Problem
Exactly the lines from the one containing "Rite Judgement - Natural Tote Bag" through the one containing "Nintendo Selects - Novos jogos para a Wii U!" in the listing below are to be copied, with the pictures left out.

Input material
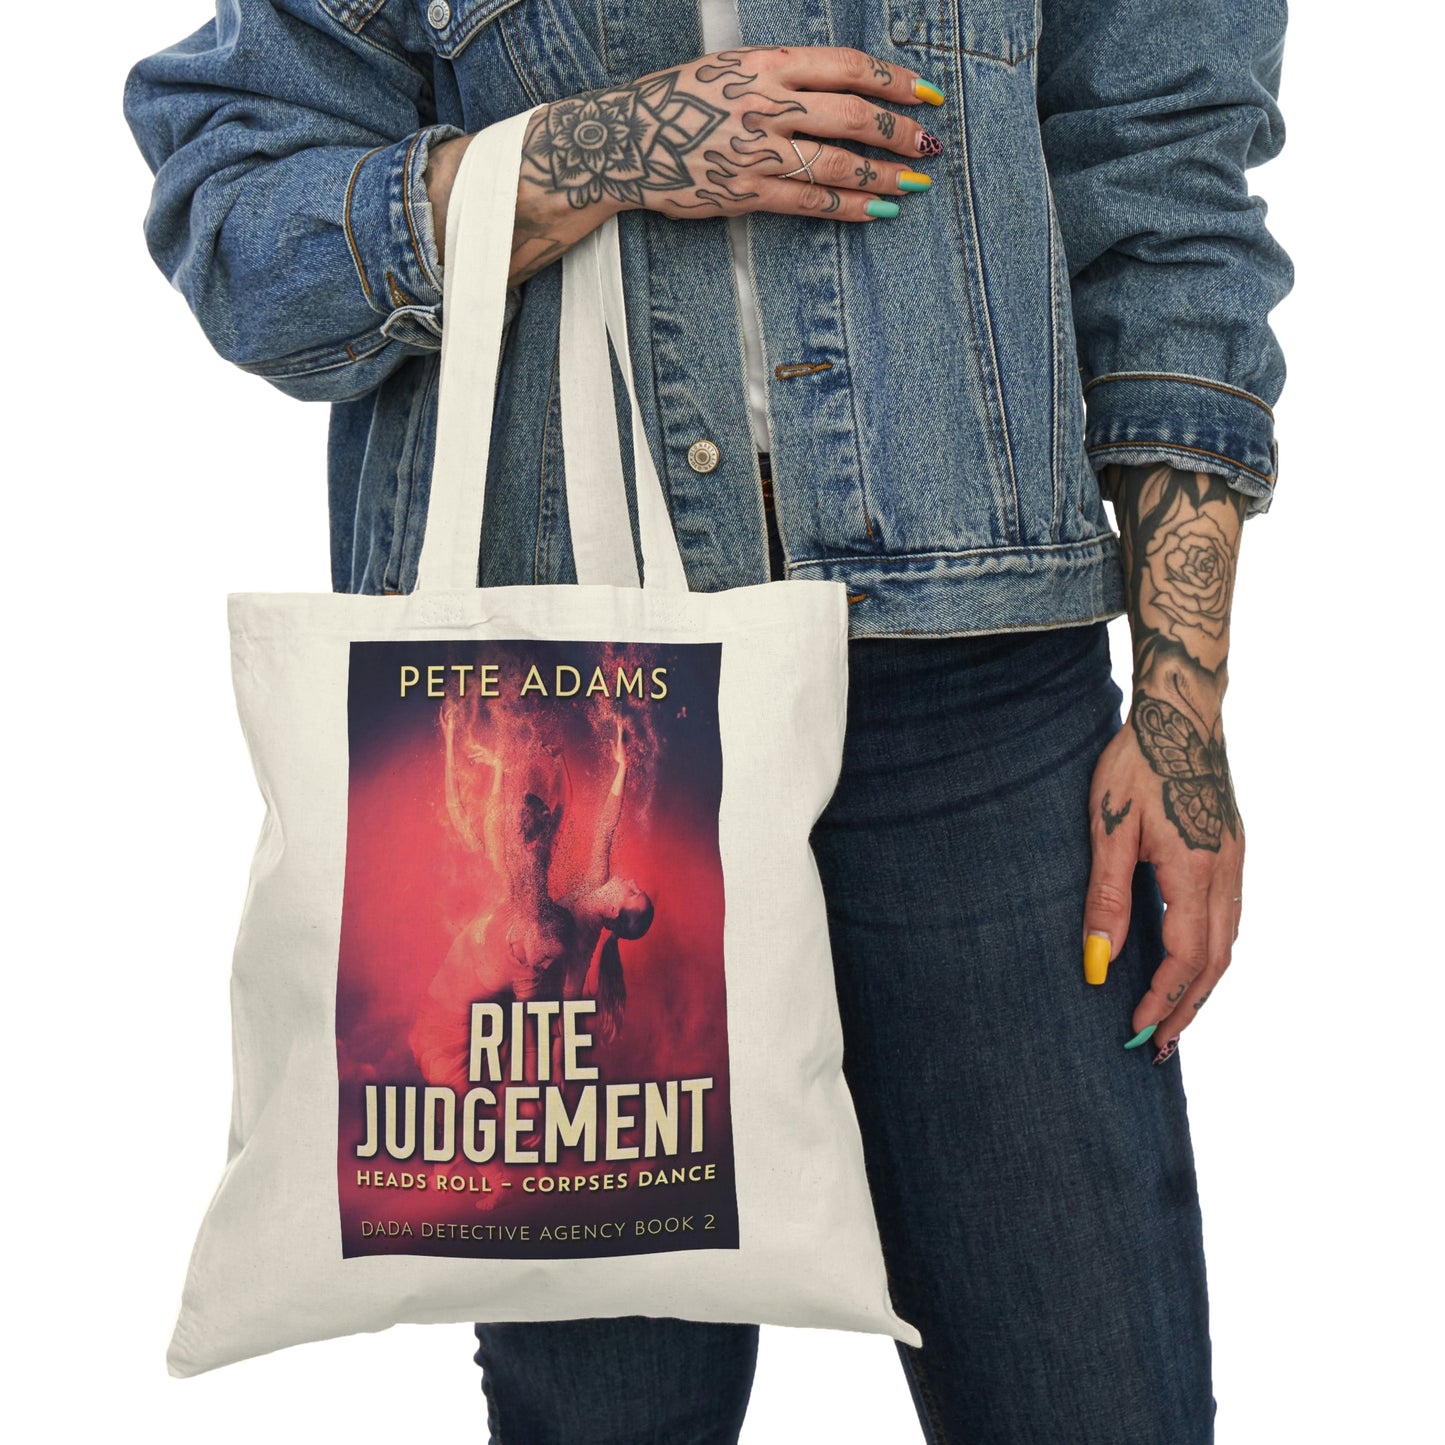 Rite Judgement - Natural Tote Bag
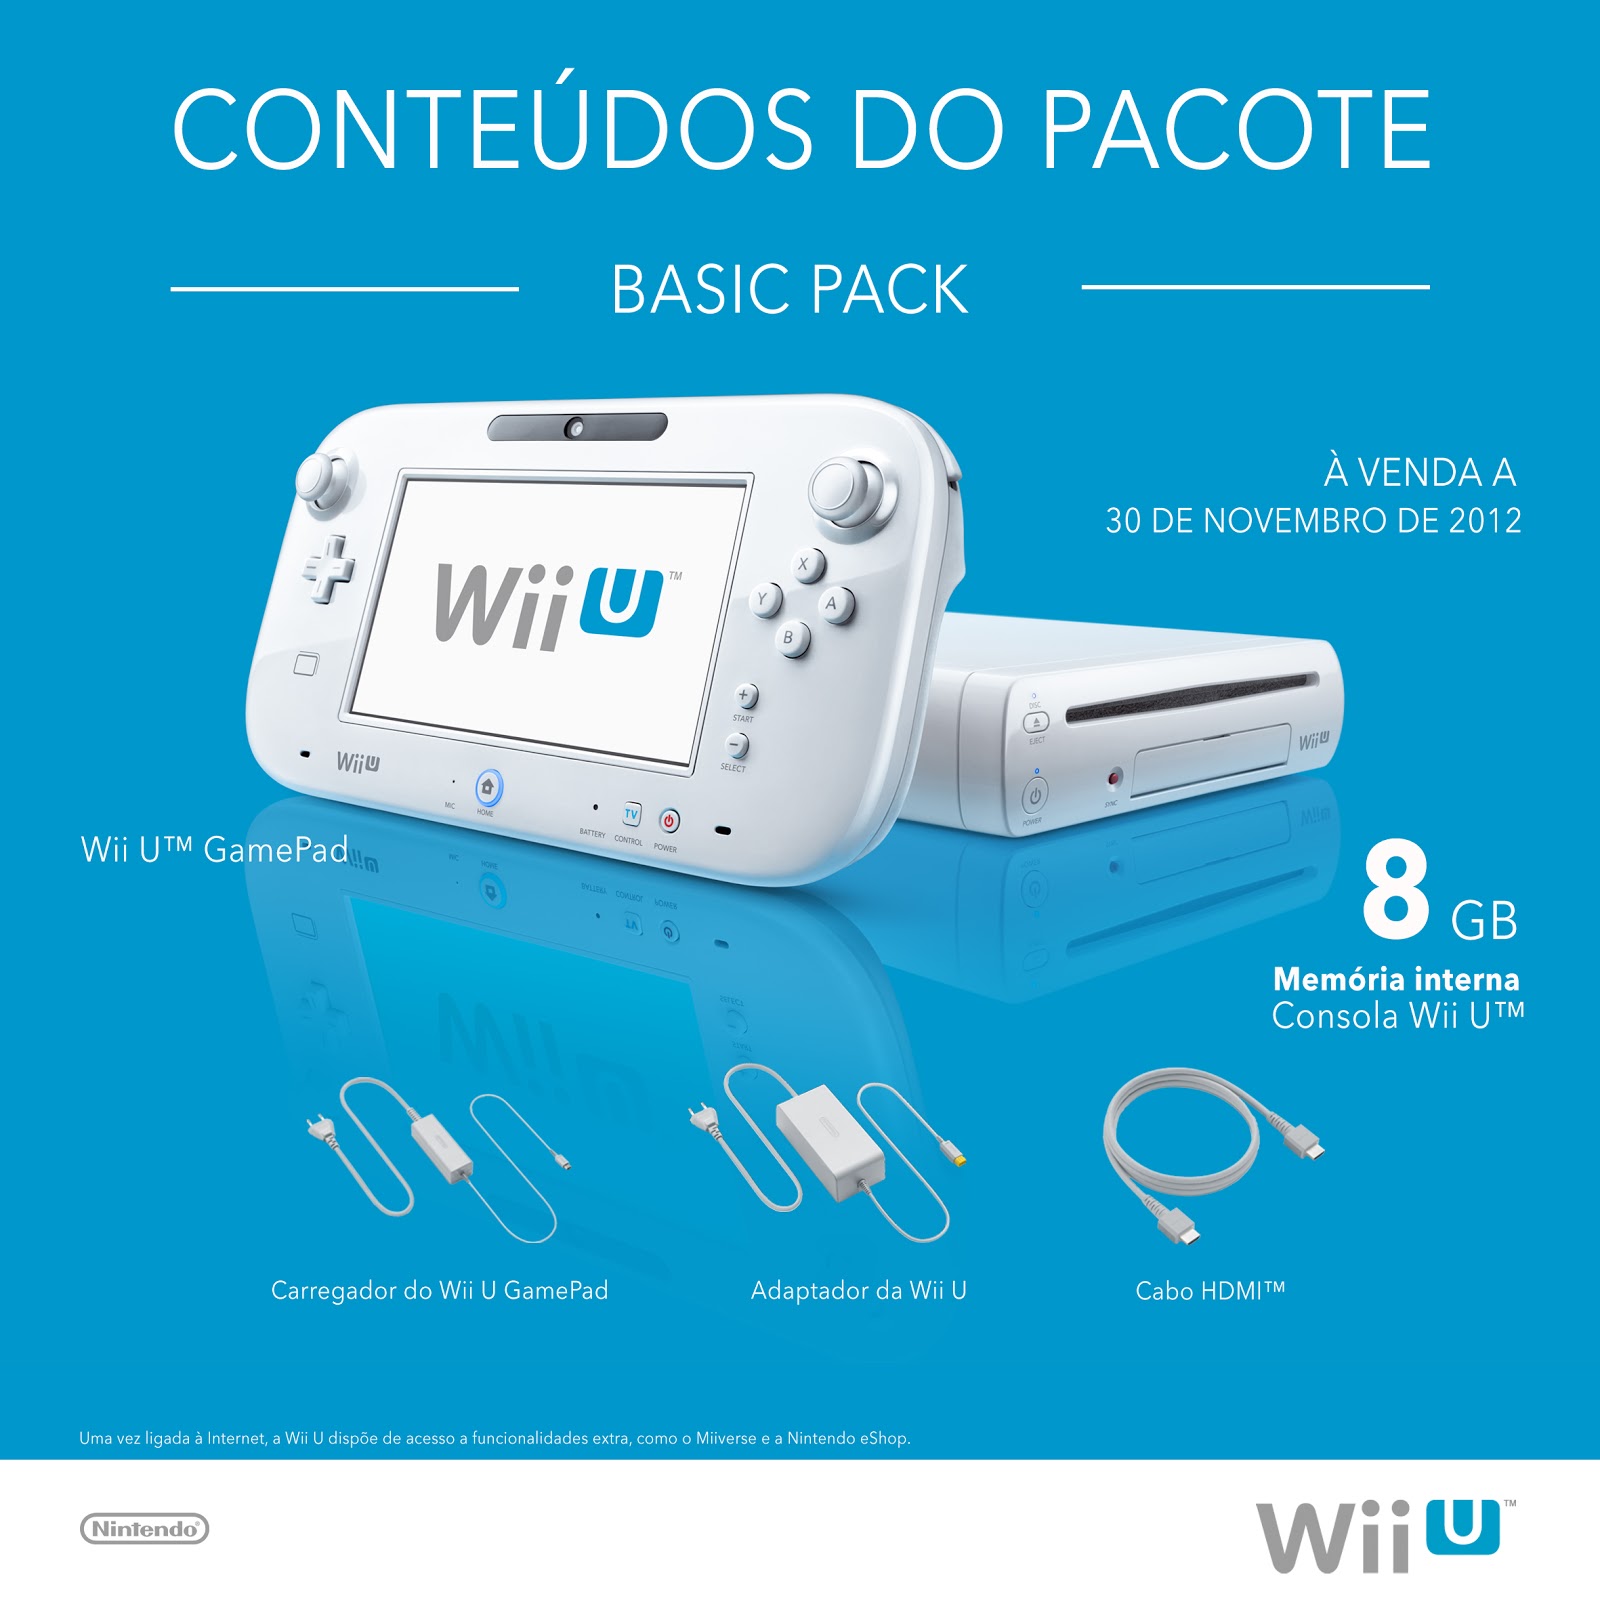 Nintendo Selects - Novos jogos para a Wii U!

---

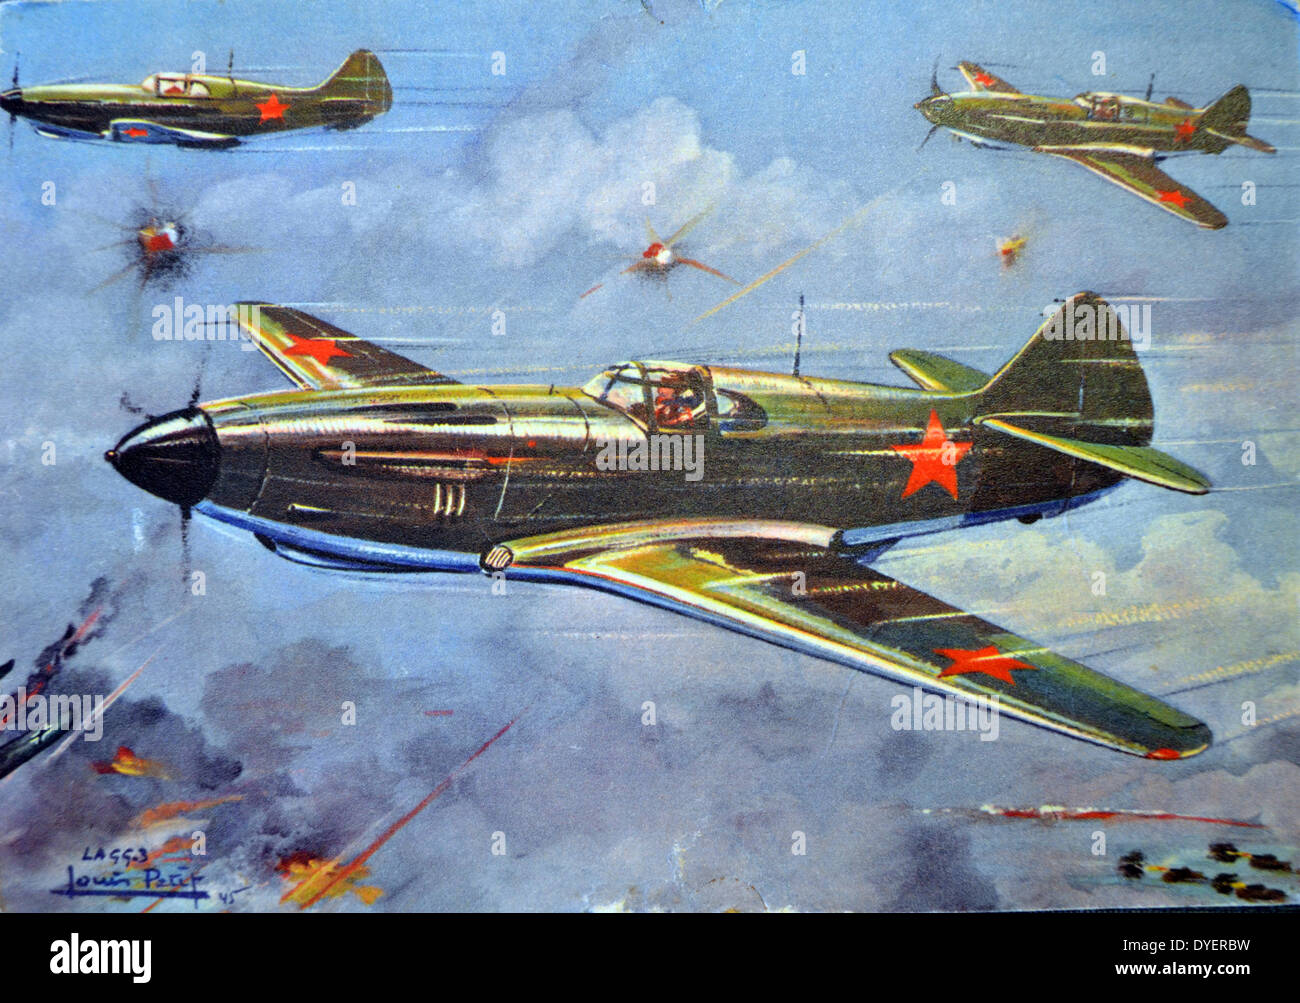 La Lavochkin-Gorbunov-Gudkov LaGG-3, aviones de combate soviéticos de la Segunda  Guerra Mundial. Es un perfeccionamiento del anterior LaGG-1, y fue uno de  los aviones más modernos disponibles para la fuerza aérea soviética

Result of the task
 Rite Judgement - Natural Tote Bag
 Nintendo Selects - Novos jogos para a Wii U!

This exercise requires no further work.